TASK INSTRUCTIONS - Please output the listing below character for character and omit the images.

INFORMATION PROVIDED -
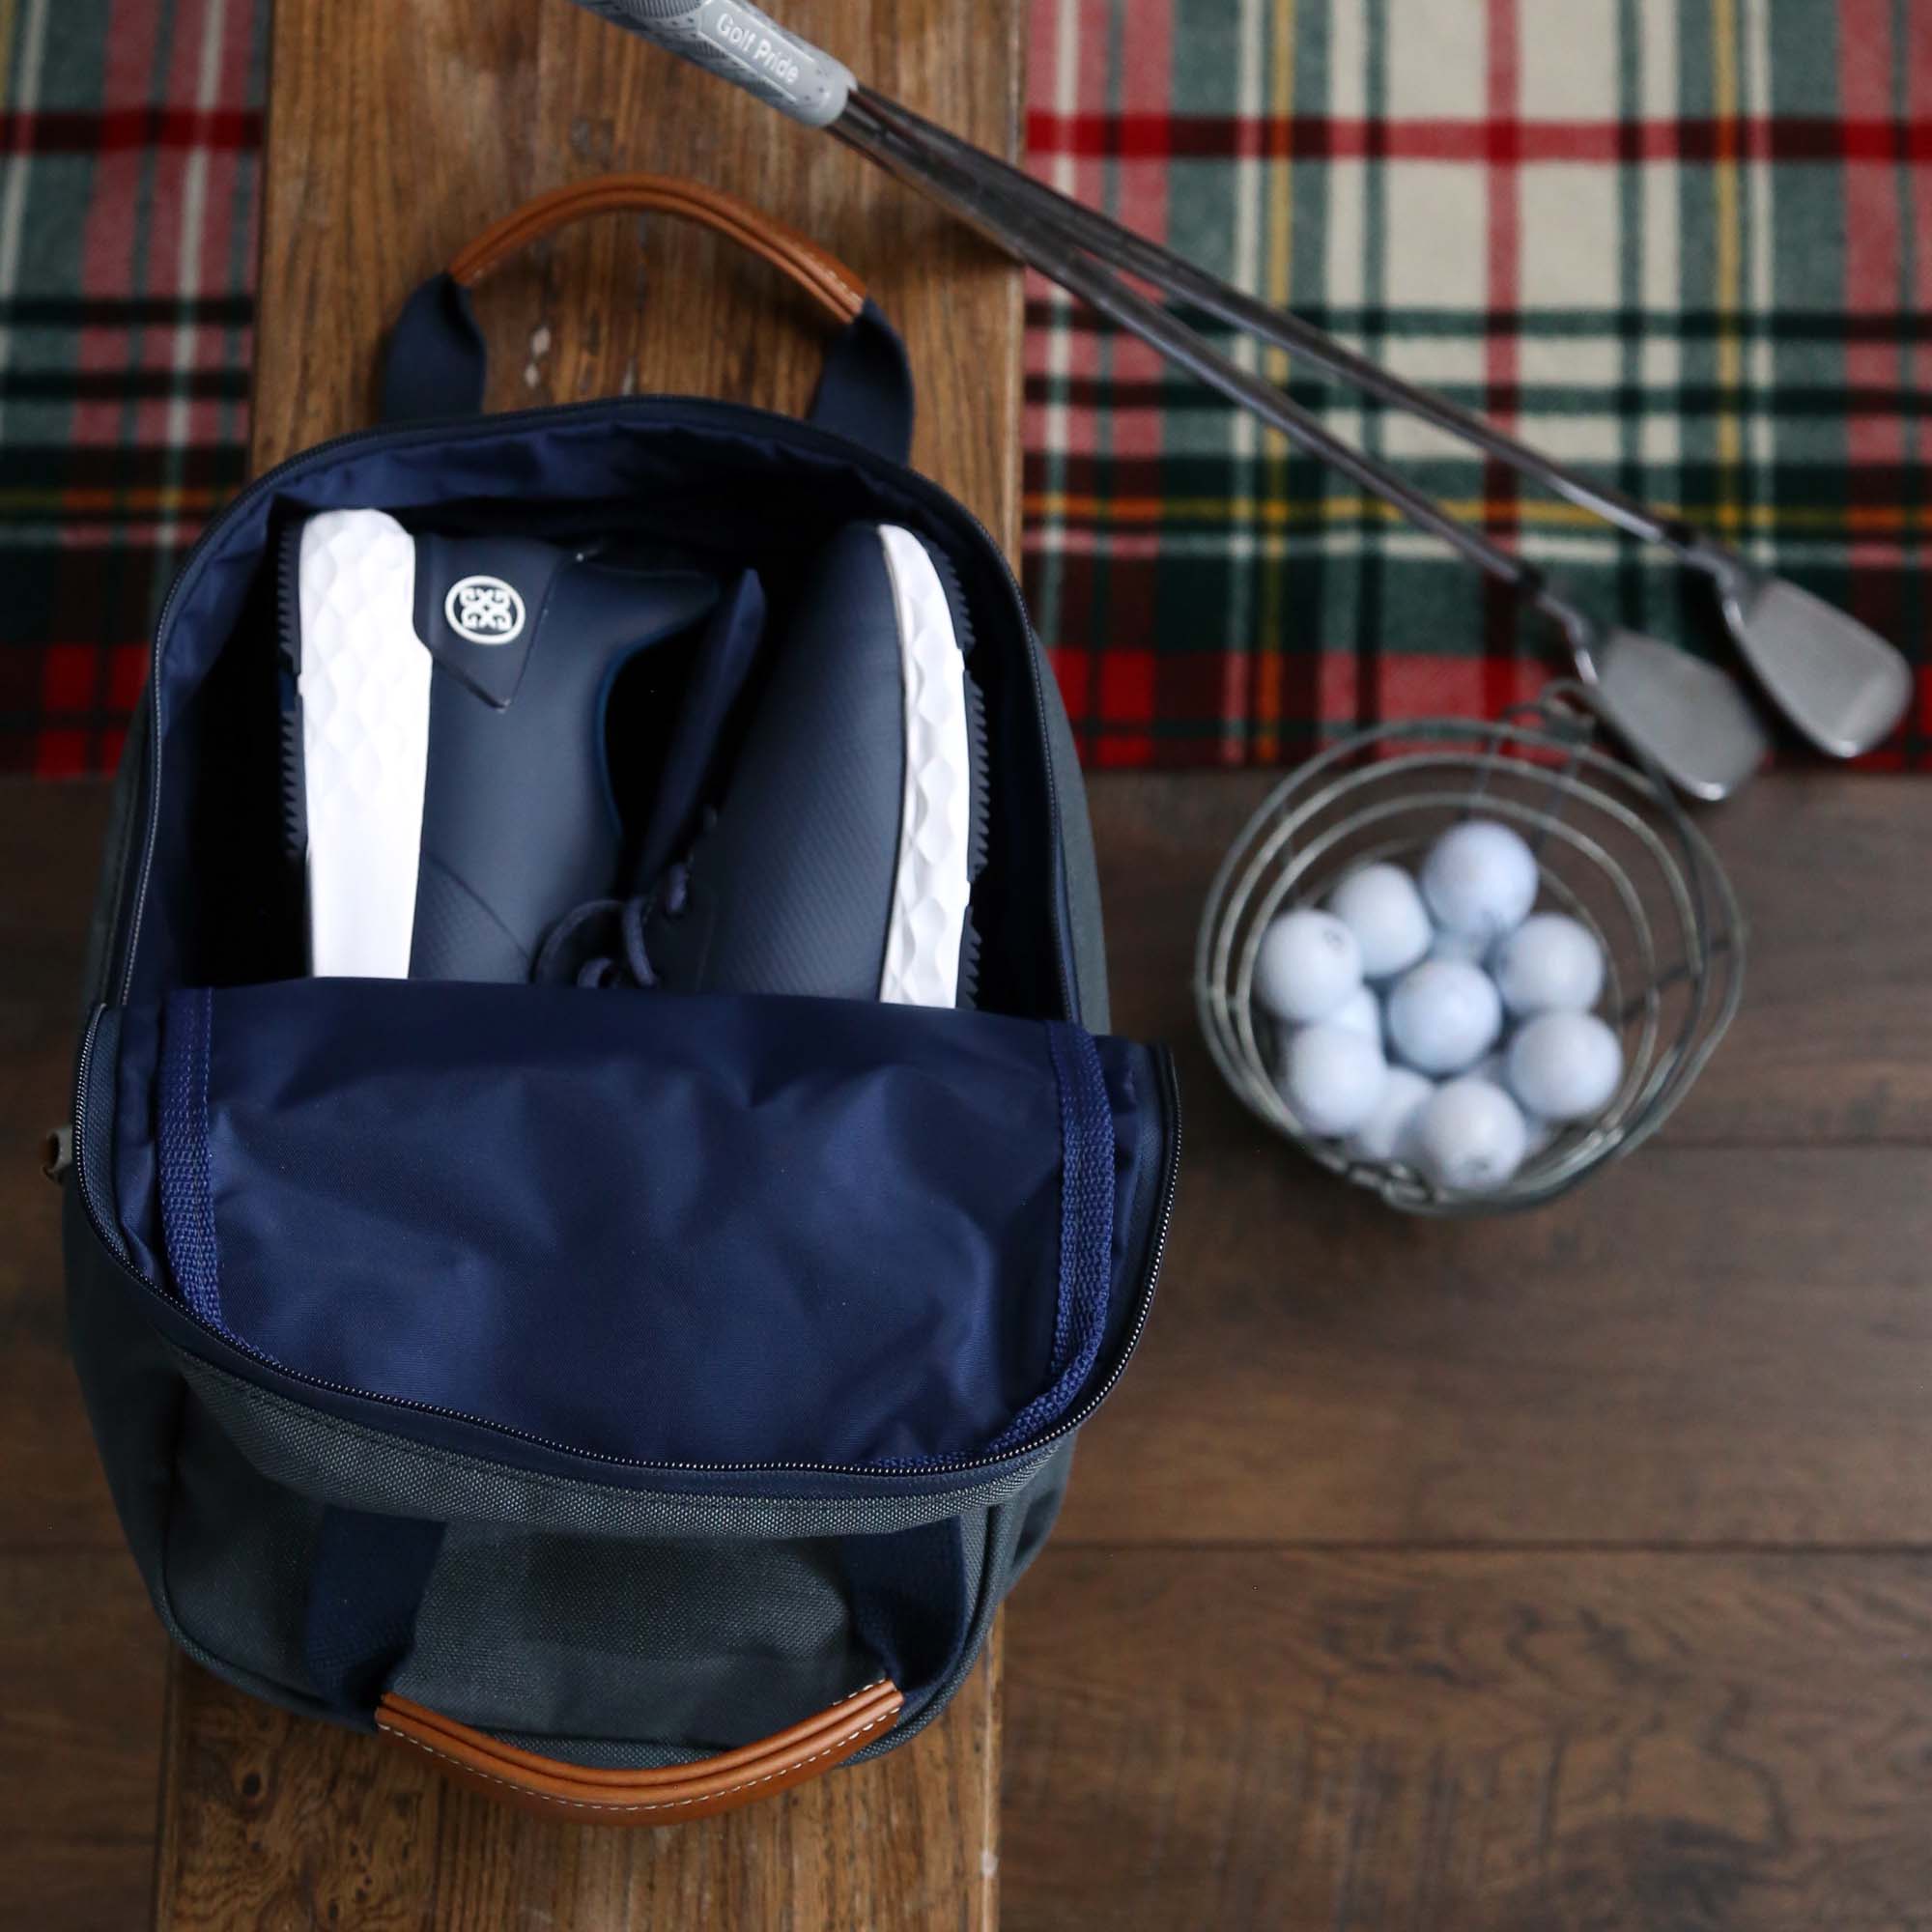 Hudson Sutler Nylon and Leather Golf Shoe Bag - Grey/Navy
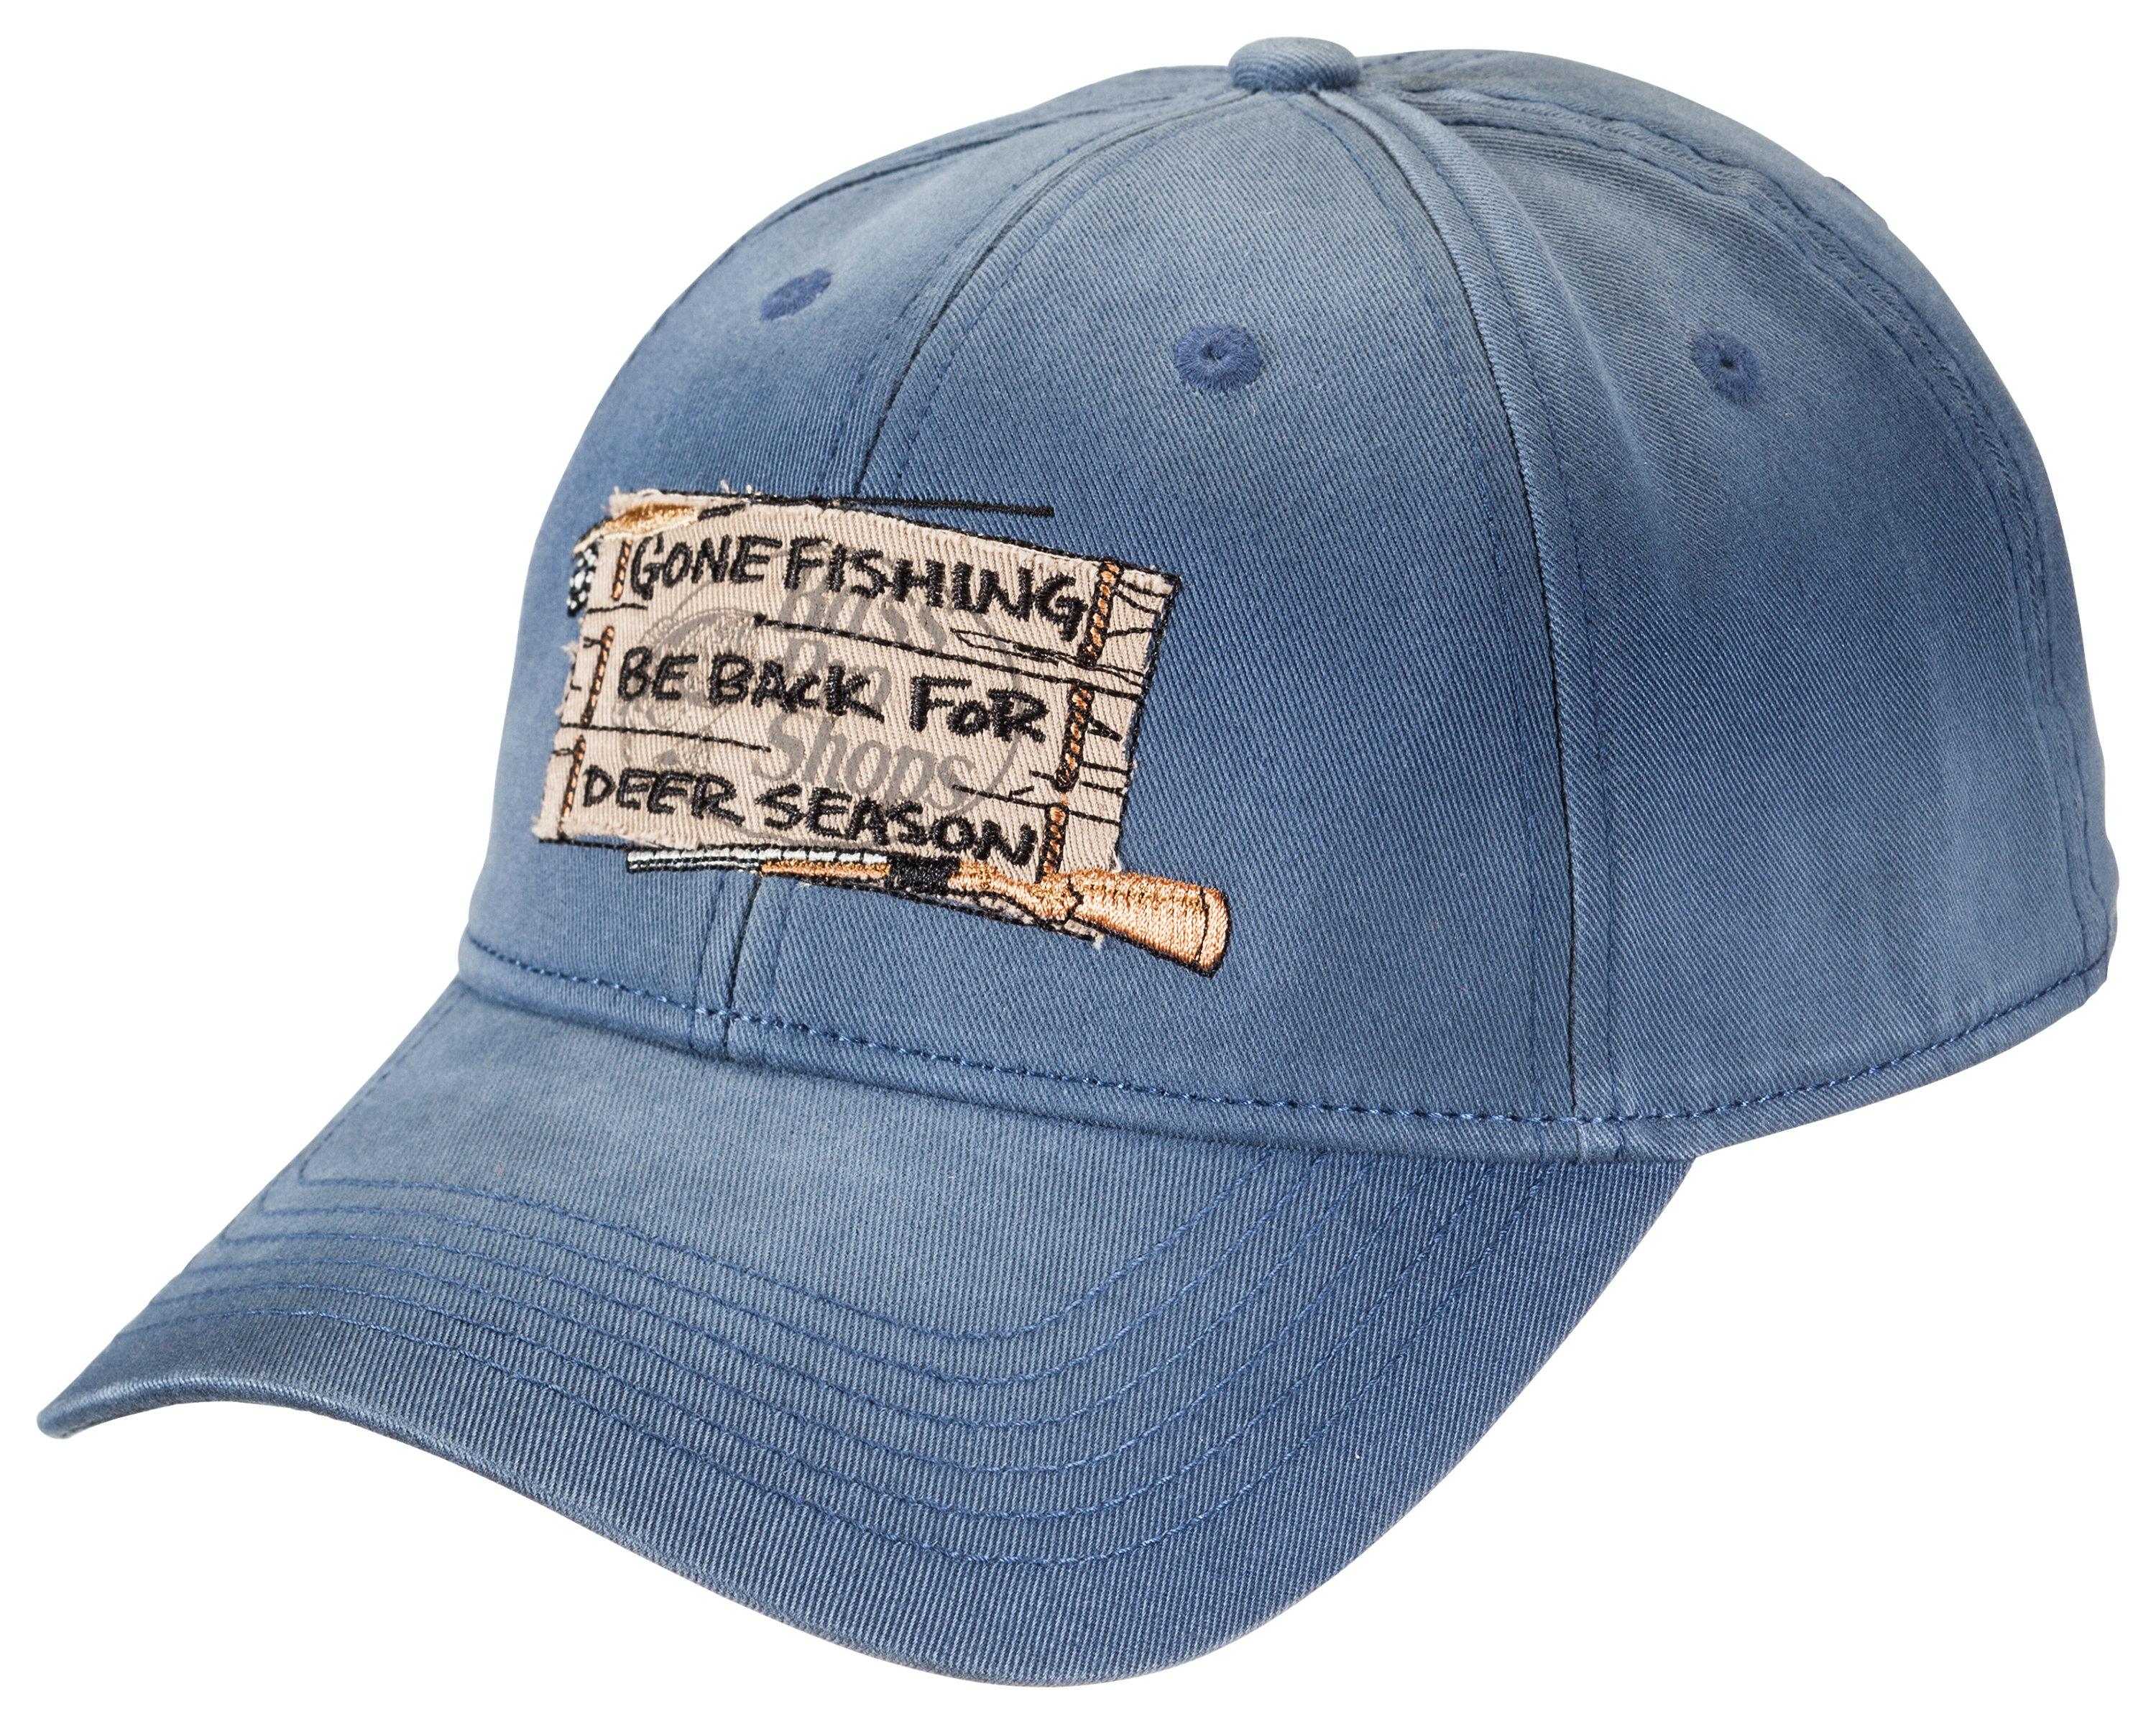 Bass Pro Shops Vintage Gone Fishing Cap
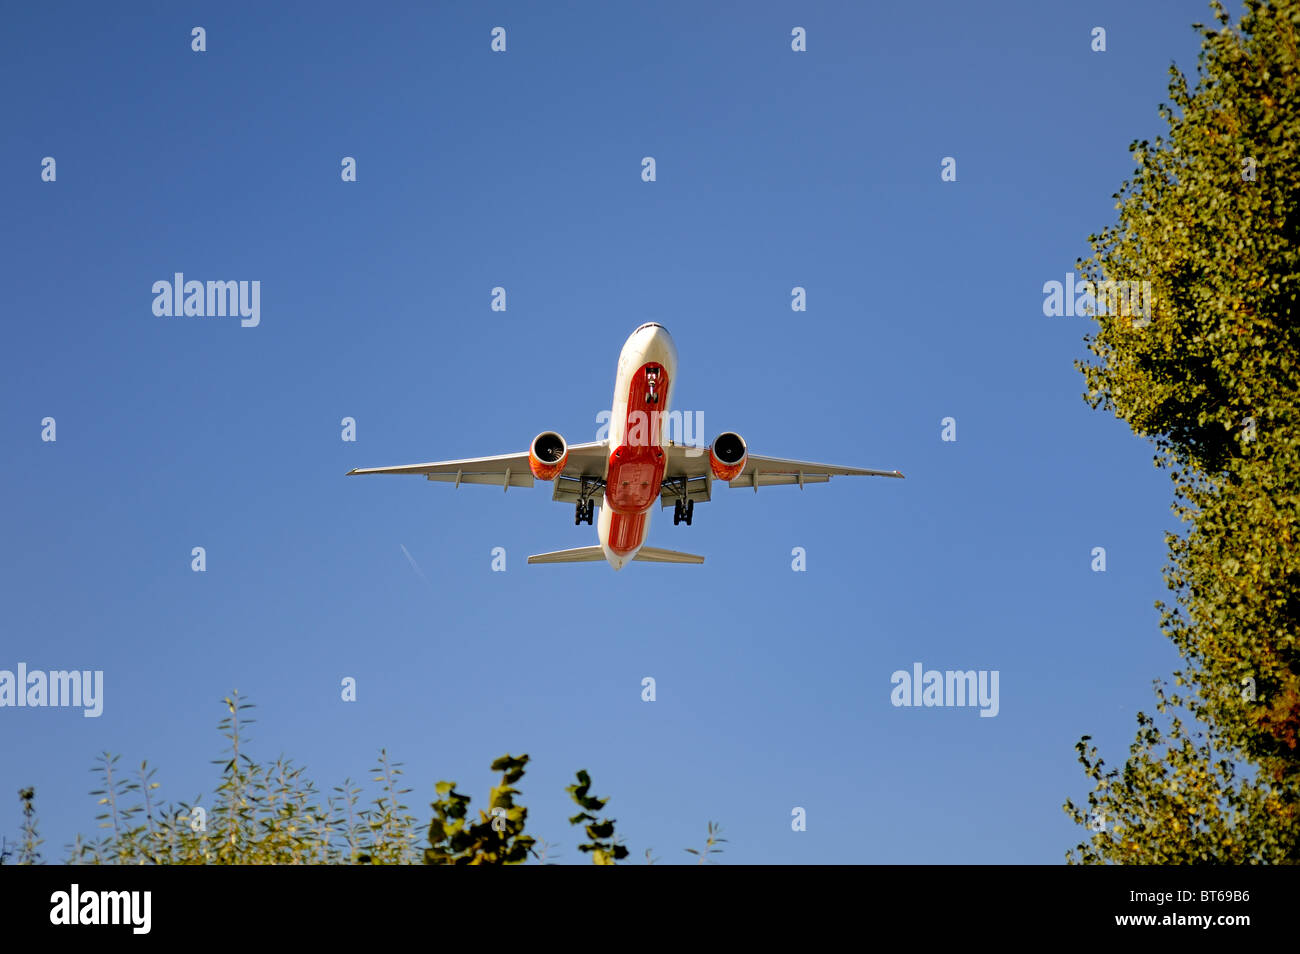 Passenger jet coming into land Stock Photo

ANSWER SECTION -
 Hudson Sutler Nylon and Leather Golf Shoe Bag - Grey/Navy
 Bass Pro Shops Vintage Gone Fishing Cap
 Passenger jet coming into land Stock Photo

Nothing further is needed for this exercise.